More specifically, for organic substances, the software correctly identifies the role of atoms, such as oxygen and nitrogen, which increase the polarity, and thus decrease logP; conversely, chlorine, bromine, fluorine, and carbon, for instance, increase logP. For inorganic compounds, the main features are present for the organic substances discussed above, but with very different relevance in some cases. In addition, some features are not present at all, such as in the cases with branching and a large number of rings. Obviously, these features are typical of organic substances.

The coefficient serves to clarify the role of SMILES components in increasing or decreasing logP. Figure 9 compares the influence of various correlation weights, indicating that there is some difference in the participation of different features in the organization of the models. Thus, for inorganic compounds, the same features present for organic compounds appear, but sometimes with a different relevance, as represented by the coefficients. This is the case with chlorine, for instance. It appears both in Figure 7 and Figure 8, indicating a role associated with organic and inorganic substances; however, in the case of organic substances, its coefficient is the third largest one, while in the case of inorganic compounds, its coefficient is quite small. This can be explained by the fact that many polychlorinated organic substances largely contribute to the model for logP in the case of organic substances. Bromine and fluorine have a similar behavior, as shown in Figure 9.

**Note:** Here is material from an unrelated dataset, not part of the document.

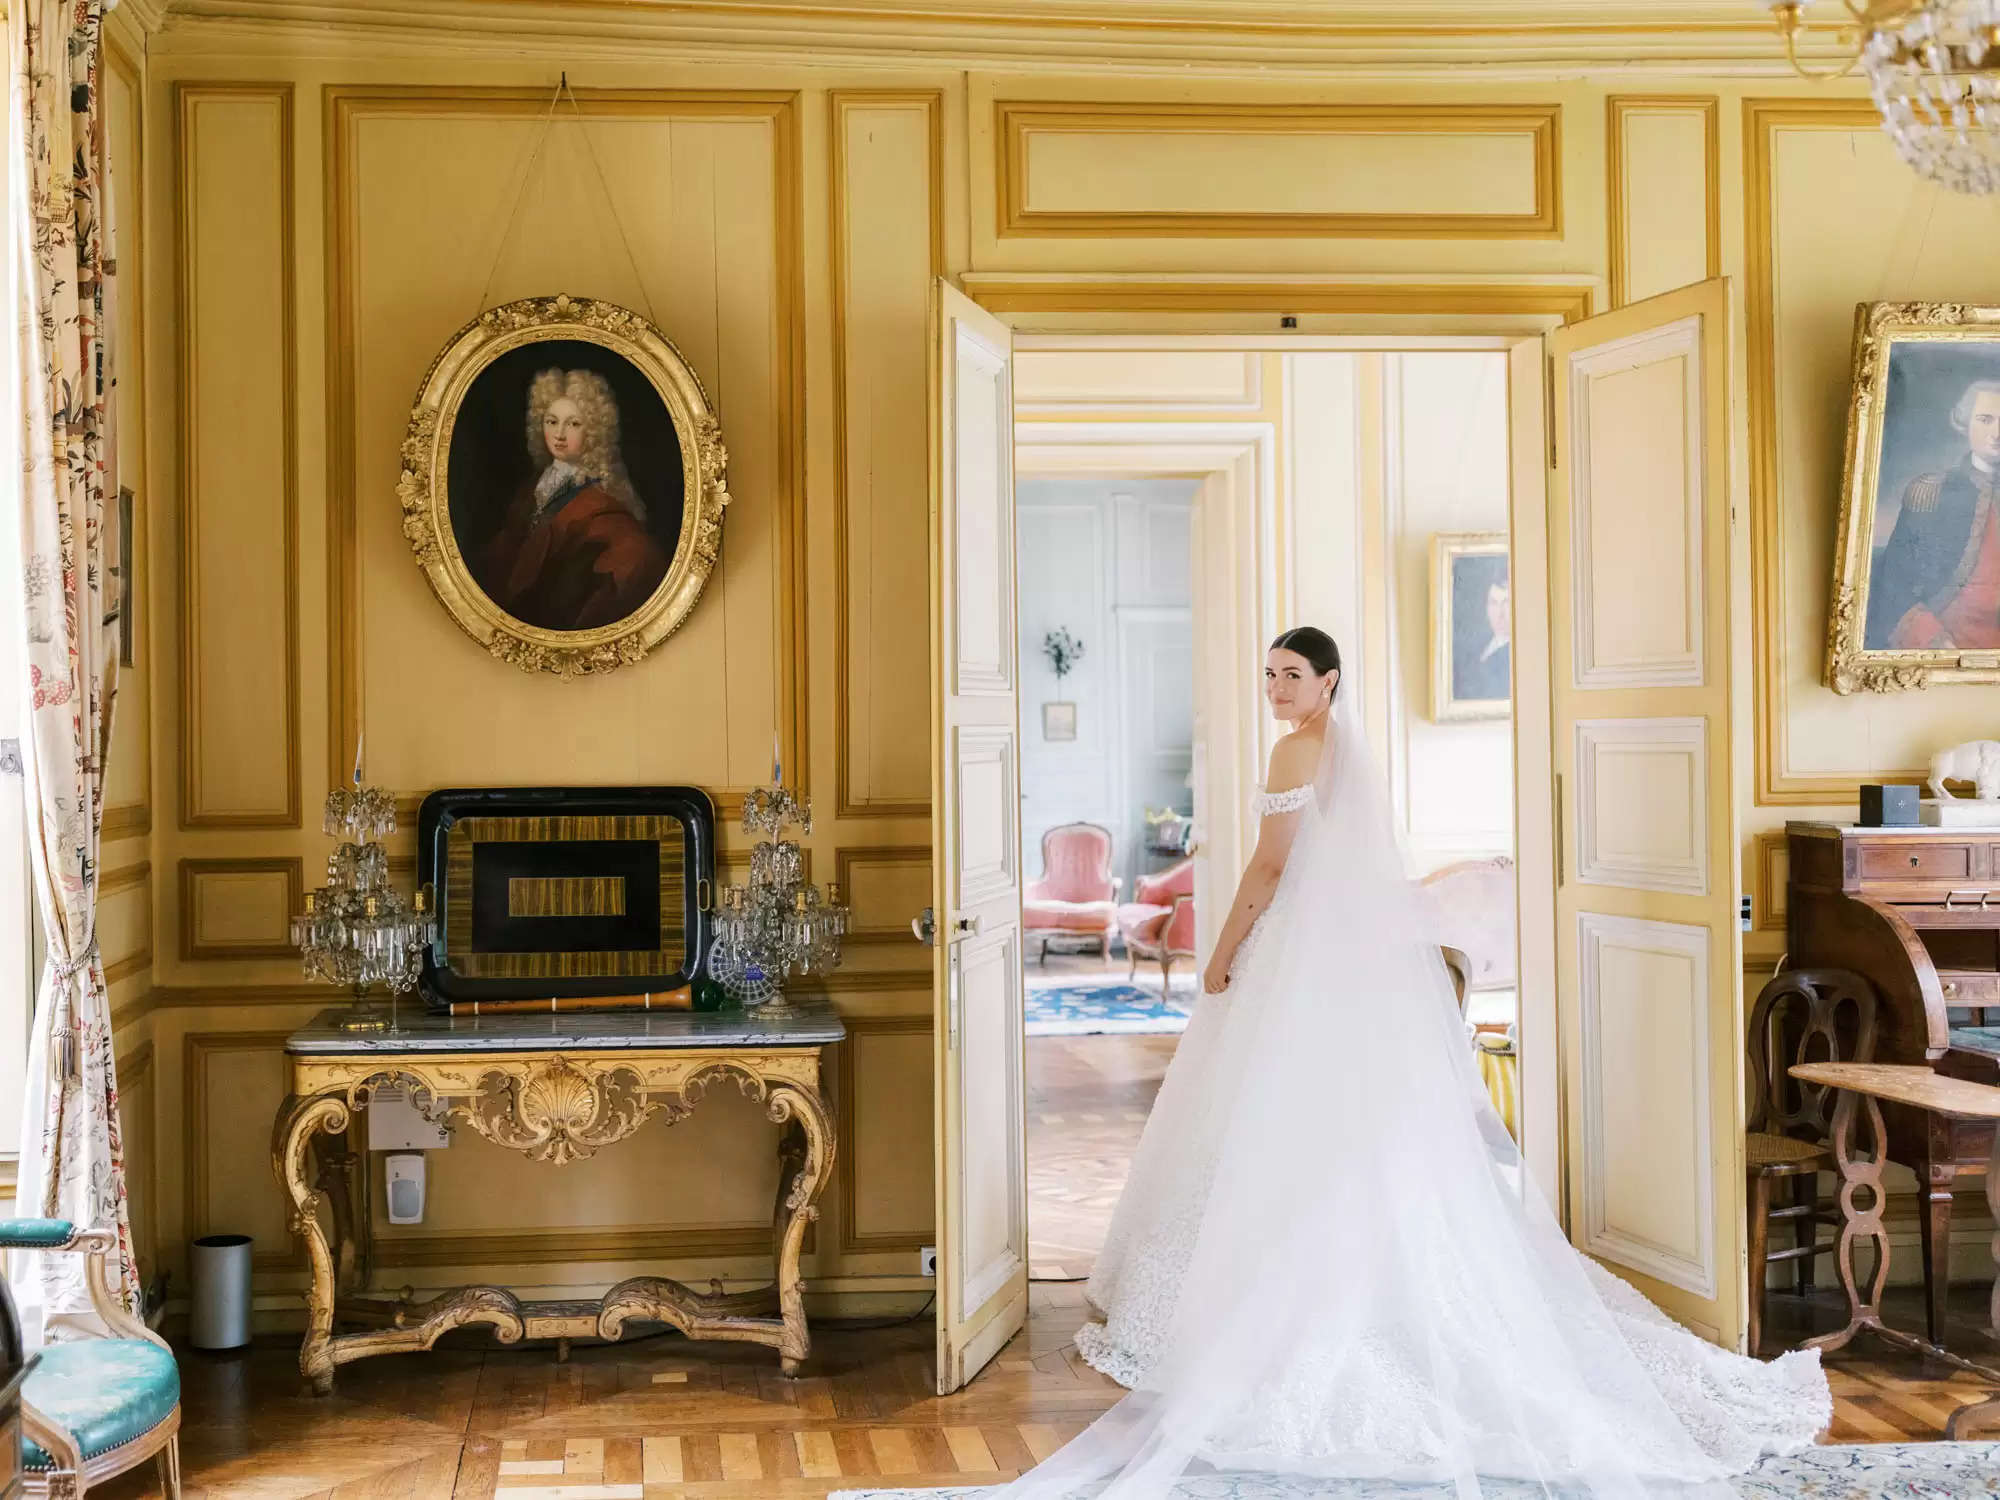 Chateau Bouthonvilliers Wedding ceremony Images Black-Tie Occasion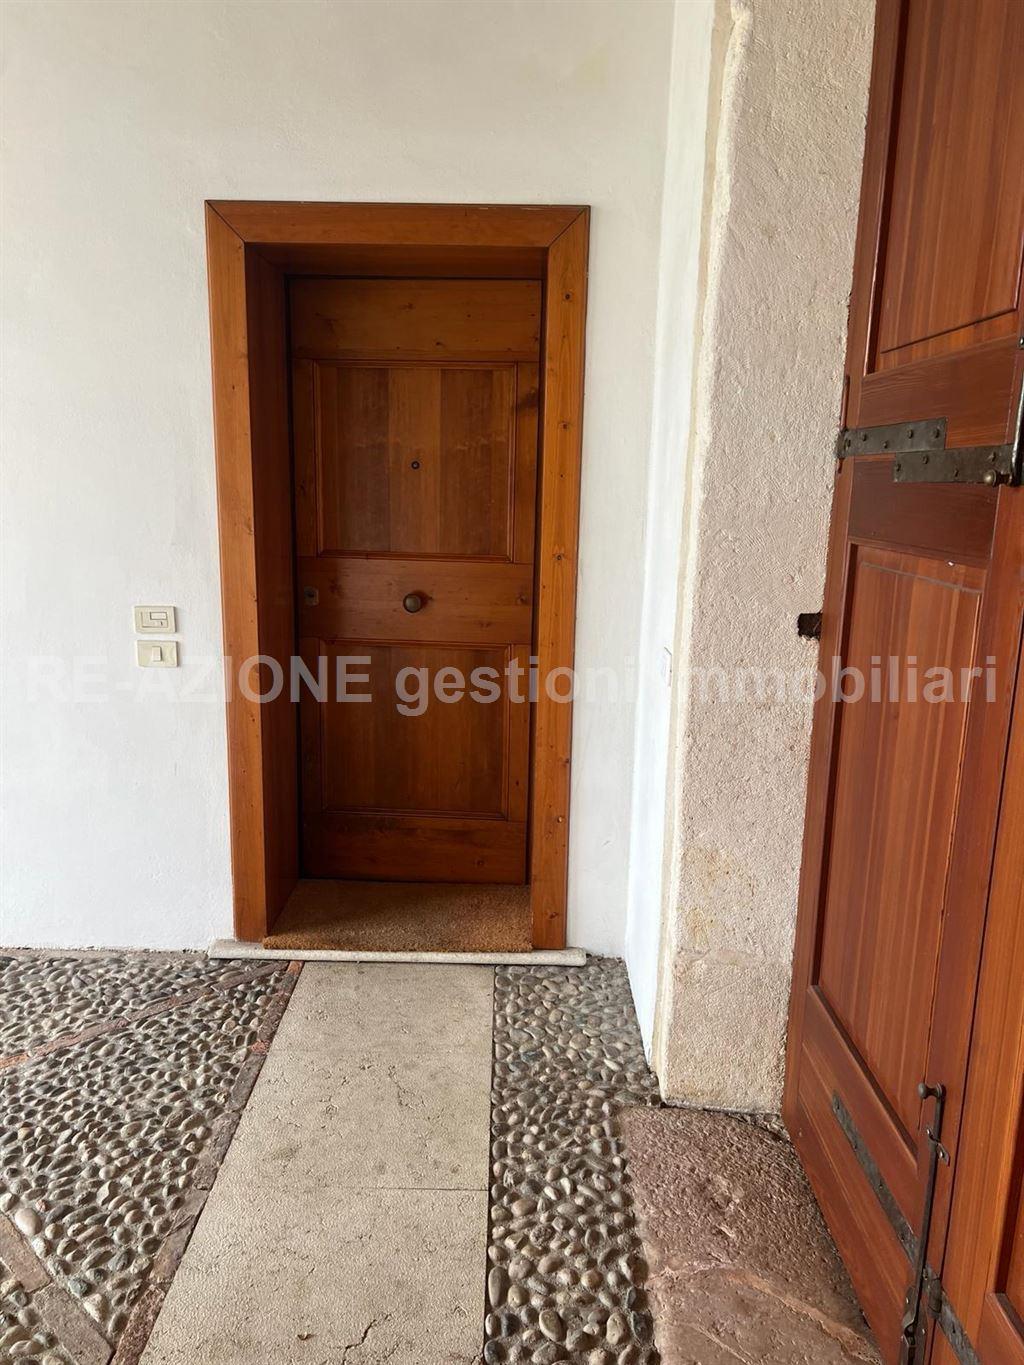 APARTMENT FOR RENT IN AN OLD VILLA

The list of promoters for the increase and decrease in logP for dataset 3 (Table 7) shows that the property is sensitive to the complexes possessing 3D features, as well as to presence of double bonds. This kind of information is present in dataset 3, which is a quite focused population of substances enabling the investigation of sophisticated features. Thus, one can identify an essential difference between the considered model for organic and inorganic compounds and the model for Pt (IV) complexes. Certain features are common to all datasets. Indeed, oxygen and nitrogen are responsible for an increased polarity, and thus a reduced logP, while branching and chlorine increase logP, as discussed above, for the previous datasets as well.

The features relevant for dataset 4 are shown in Table 8. In the case of the models of enthalpy formation, some features increase the enthalpy, with different levels of effect, considering the sign and value of the coefficient. As in the other cases, it is necessary to have consistency between the three runs. Thus, mercury, tin, organic carbon, and a relatively large number of rings (three) increase enthalpy. Conversely, chlorine, boron, branching, and aliphatic carbon decrease the enthalpy. Chlorine is by far the most relevant feature playing a role in enthalpy, followed by boron and mercury.

Table 5 shows the promoters of an increase or decrease in the effect for dataset 5. This dataset concerns acute toxicity in rats. The endpoint is expressed as the negative decimal logarithm of the oral lethal dose. Thus, a higher value is associated with a higher toxicity. The SMILES for the toxicity case, studied with dataset 5, has a different configuration compared to the SMILESs used for the other models because, for these compounds, an important aspect of the structures is the charged particles, which are virtually absent for the other sets of molecules considered here. From Table 9, we can see that nickel has the highest effect. Other salts have a role too. Regarding the organic components of the molecules, aliphatic carbon, double bonds, and branching have a negative coefficient, while the presence of rings has a positive coefficient.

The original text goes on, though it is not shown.